Three-dimensional clustering of human RAG2 gene mutations in severe combined immune deficiency.
J Biol Chem
; 275(17): 12672-5, 2000 Apr 28.
Article
em En
| MEDLINE
| ID: mdl-10777560
ABSTRACT
The V(D)J recombination, which leads to the somatic rearrangement of variable, diversity, and joining segments, is the mechanism accountable for the diversity of T cell receptor- and Ig-encoding genes. The products of the RAG1 and RAG2 genes are the lymphoid-specific factors responsible for the initiation of the V(D)J recombination through the generation of a DNA double strand break. RAG1 or RAG2 gene inactivation in the mouse leads to abortion of the V(D)J rearrangement process, early block in both T and B cell maturation, and, ultimately, to severe combined immune deficiency (SCID).

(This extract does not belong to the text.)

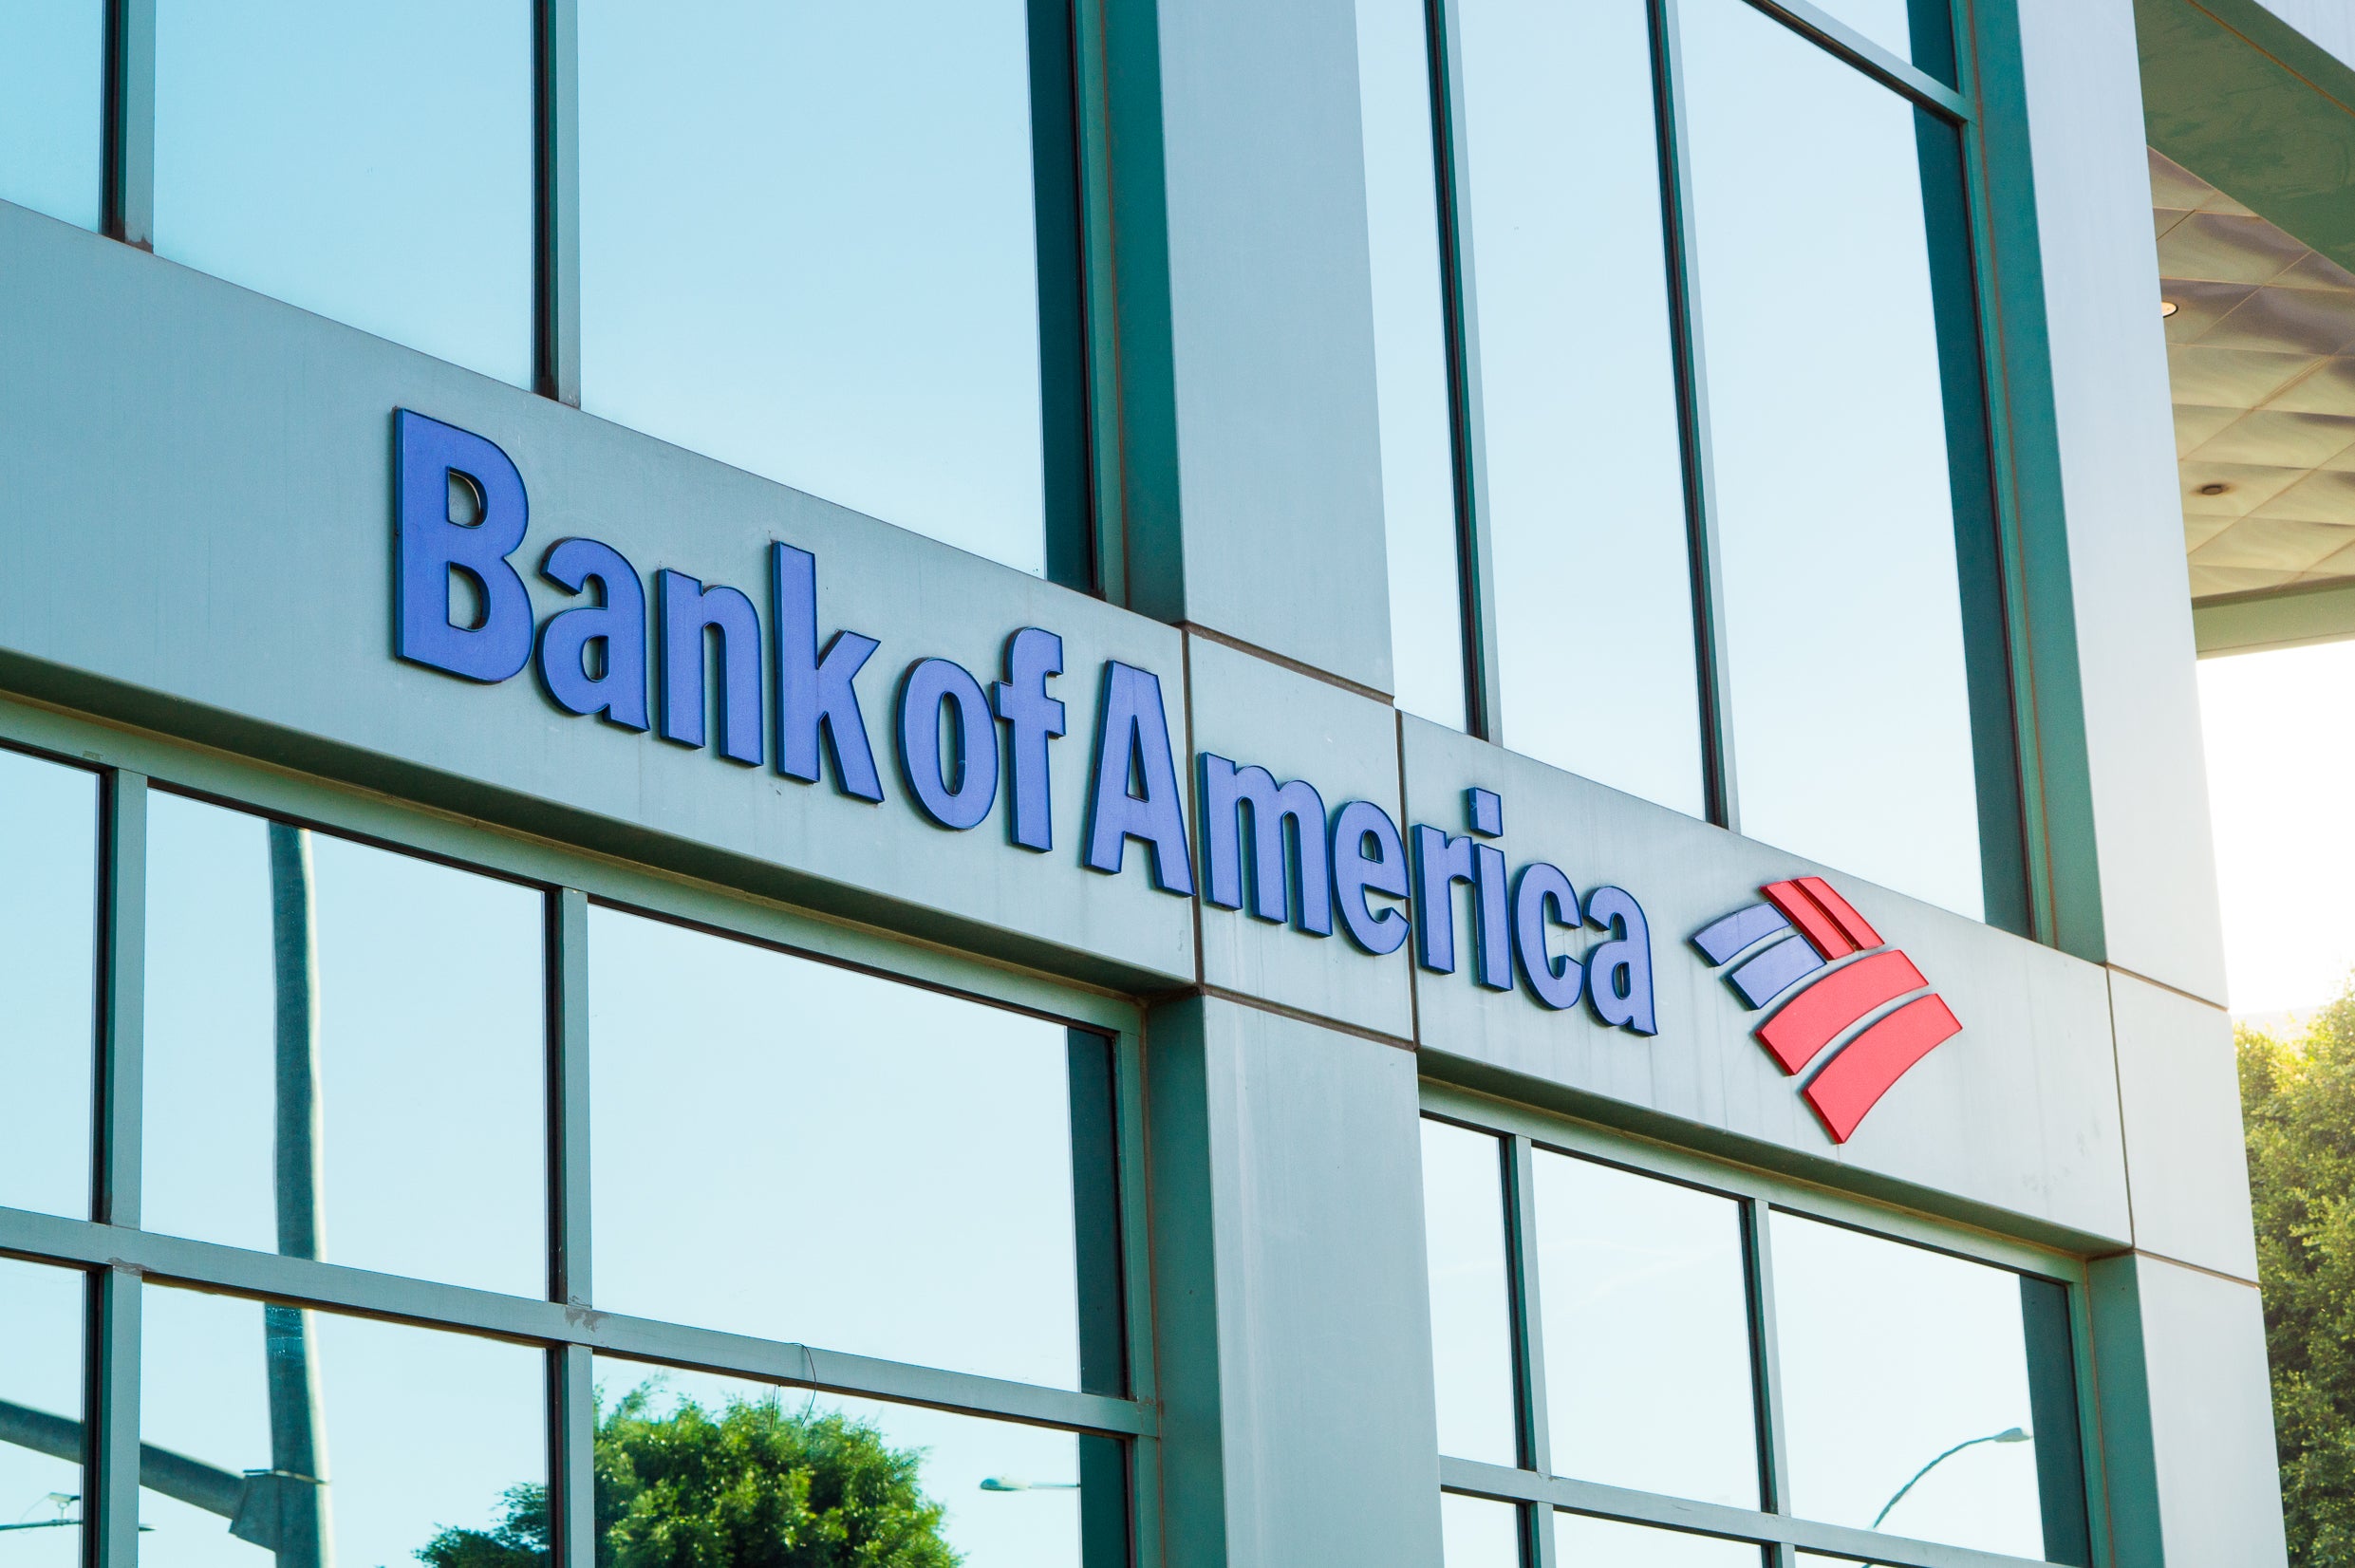 Bank of America sign on building

A human SCID condition is also characterized by an absence of mature T and B lymphocytes and is associated with mutations in either RAG1- or RAG2-encoding genes. Based on the predicted beta-propeller three-dimensional structure model for RAG2, we found that six out of the seven mutations described to date in T-B-SCID patients are clustered on one side of the propeller, in regions exposed to solvent. This finding reinforces the biological significance of this predicted model and suggests that RAG1 interacts with RAG2 on one of the side of the scaffold formed by the beta-propeller.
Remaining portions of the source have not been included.